The trial court’s award of attorney’s fees to the defendant is affirmed.

So ordered.


[Note 1] The Hon. Stephen S. Ostrach has recused himself from the review and decision of this appeal.

[Note 2] The agreement for judgment provided for the award of costs to Anderson, “including reasonable attorney’s fees pursuant to G.L. c. 93A and G.L. c. 186, § 14 to be determined by the Court upon Motion by the Defendant.”

[Note 3] The tennis match of filing and reply, filing and reply, is reflected throughout the docket and the 447 pages of filings regarding attorney’s fees.
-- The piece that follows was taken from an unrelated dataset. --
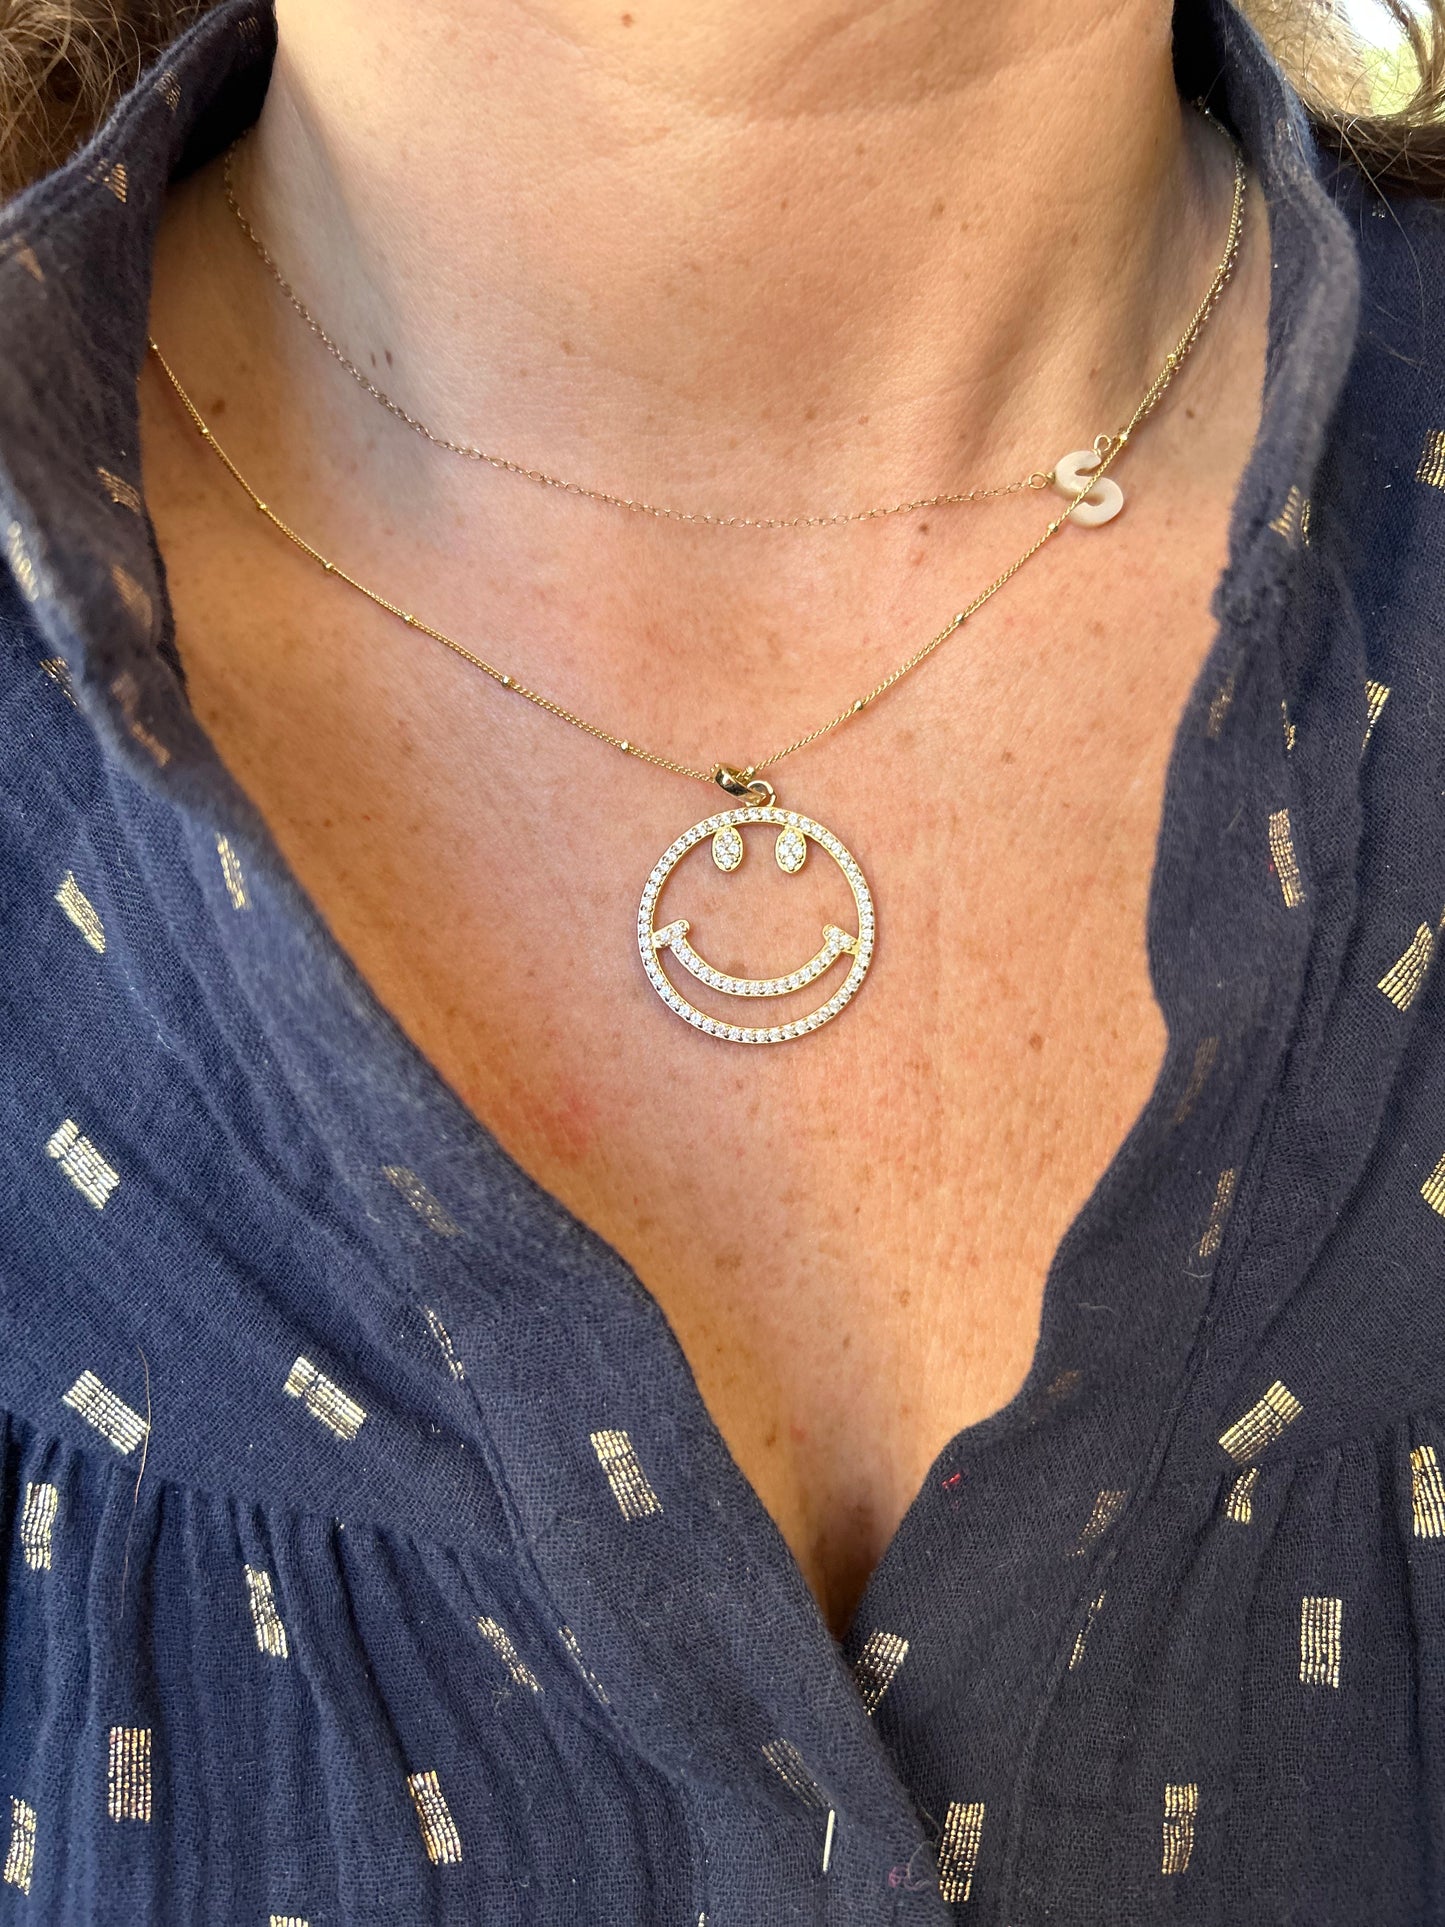 Sparkly smiley face necklace

In contrast, Queen Annes’ complaint, Anderson’s answer, and the parties’ agreement for judgment consisted of five pages.

[Note 4] There was no abuse of discretion in the denial of Queen Annes’ reconsideration motion, which failed to present any new evidence or information not available to Queen Annes at the time of the initial assessment hearing. Floyd v. Owens, 2009 Mass. App. Div. 219, 223, citing Harmon Plumbing, Inc. v. Jacobs, 1994 Mass. App. Div. 89, 90 and Peterson v. Hopson, 306 Mass. 597, 599 (1940) (“When there has been no change of circumstances and no new evidence, a court is not required even to entertain, much less hold a hearing, on a reconsideration motion.”).
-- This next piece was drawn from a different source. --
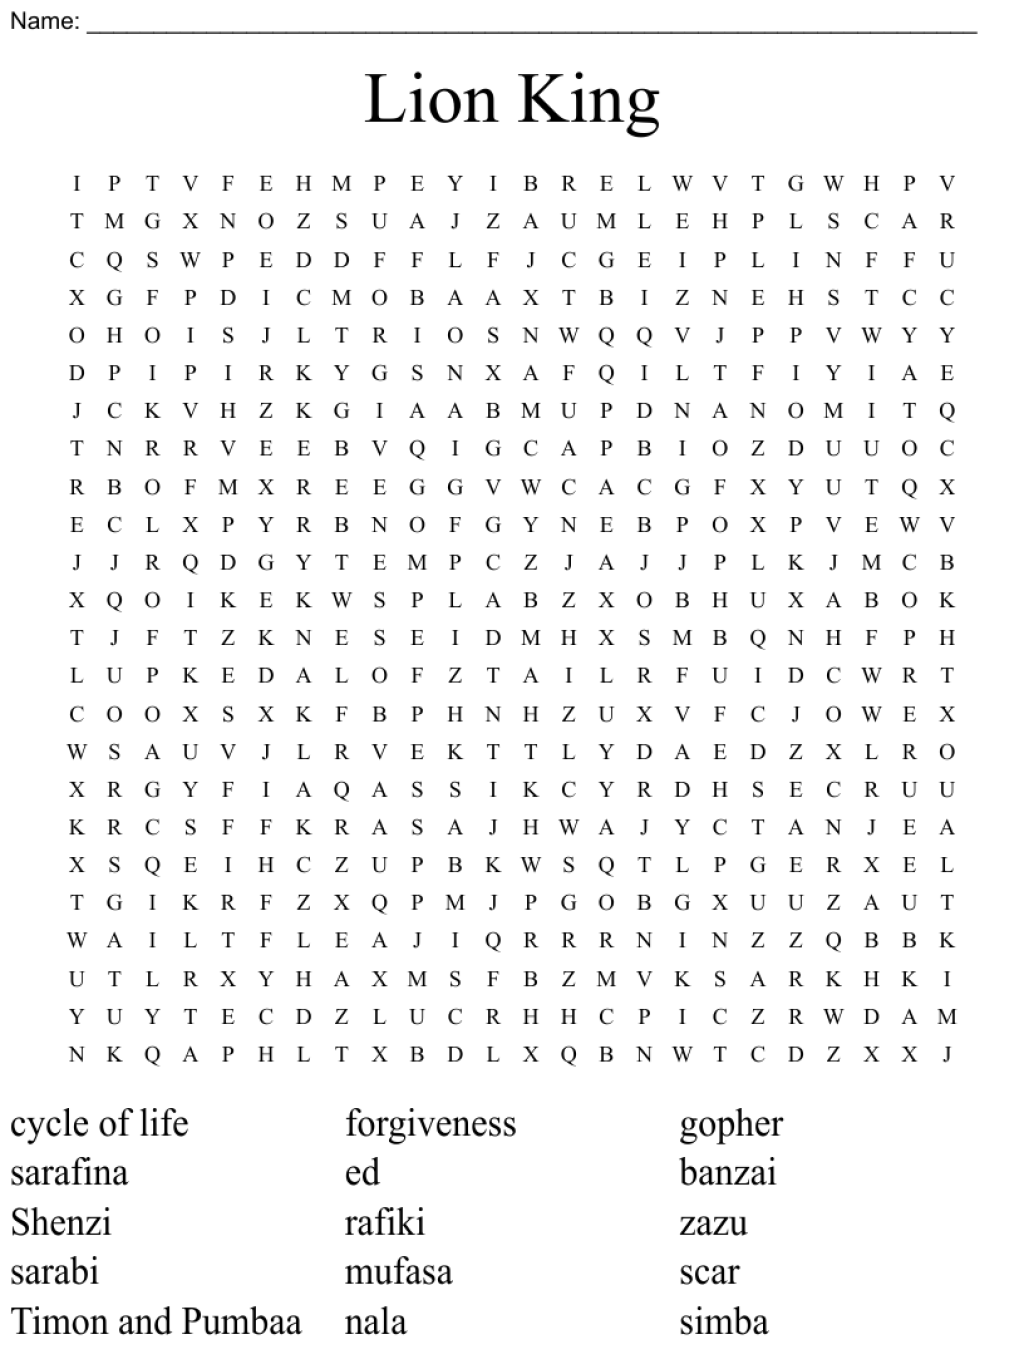 Picture of: The Lion King Crossword – WordMint

[Note 5] In arguing that the attorney’s fees awarded by the trial court here were “disproportionate,” Queen Annes urges that both the trial judge in this case and appellate courts are familiar with Anderson’s attorney’s customarily expansive and excessive claims for attorney’s fees. Queen Annes references, for example, Moore Real Estate Trust v. Din-Dayal, in which Anderson’s attorney sought legal fees in the amount of $208,035.74 for 550 hours of claimed work on a summary process appeal. The Appellate Division, Northern District awarded only $29,500.00, concluding in a summary decision (No. 9962, issued Dec. 19, 2006) that Anderson’s attorney’s billings were blatant overkill, and patently excessive and unreasonable. Queen Annes also points to Stowe v. Bologna, 417 Mass. 199 (1994), in which the Court rejected Anderson’s attorney’s bill for $81,332.75 and awarded him only $30,000.00, determining that the issues on appeal in that case were not sufficiently varied, numerous, complex, or novel to warrant the amount of fees requested. At issue, however, are the attorney’s fees in this case, and there is nothing in the record to suggest that the trial judge did not properly apply the applicable standard to the facts of this case.

[Note 6] Queen Annes is unpersuasive in its attempt to minimize the significance of this case, the issues raised, and the defense marshaled by Anderson. If, as Queen Annes argues in its brief, it was “undisputed that Anderson failed to tender rent/use and occupation for an extended period of time,” Anderson would have been evicted and adjudged liable for unpaid rent. But Queen Annes itself agreed that Anderson should continue in possession and was entitled to damages. Queen Annes also quotes the Uniform Summary Process Rules references to the need for expeditious and inexpensive proceedings in such “routine matters.” While that established policy is sound, there is nothing routine about a summary process action to an individual defendant faced with eviction and homelessness. To minimize the importance of every eviction case also diminishes the complex factual and legal issues with which courts are faced in handling these matters daily. Volume plus routine do not equal insignificance or even simplicity. Granted, in many summary process cases, the landlord is well within its rights in seeking an expeditious eviction. But that in no way suggests that a tenant’s defense against an eviction should not be vigorous and thorough, and that a prevailing tenant should not be awarded reasonable attorney’s fees for the work required in mounting that defense.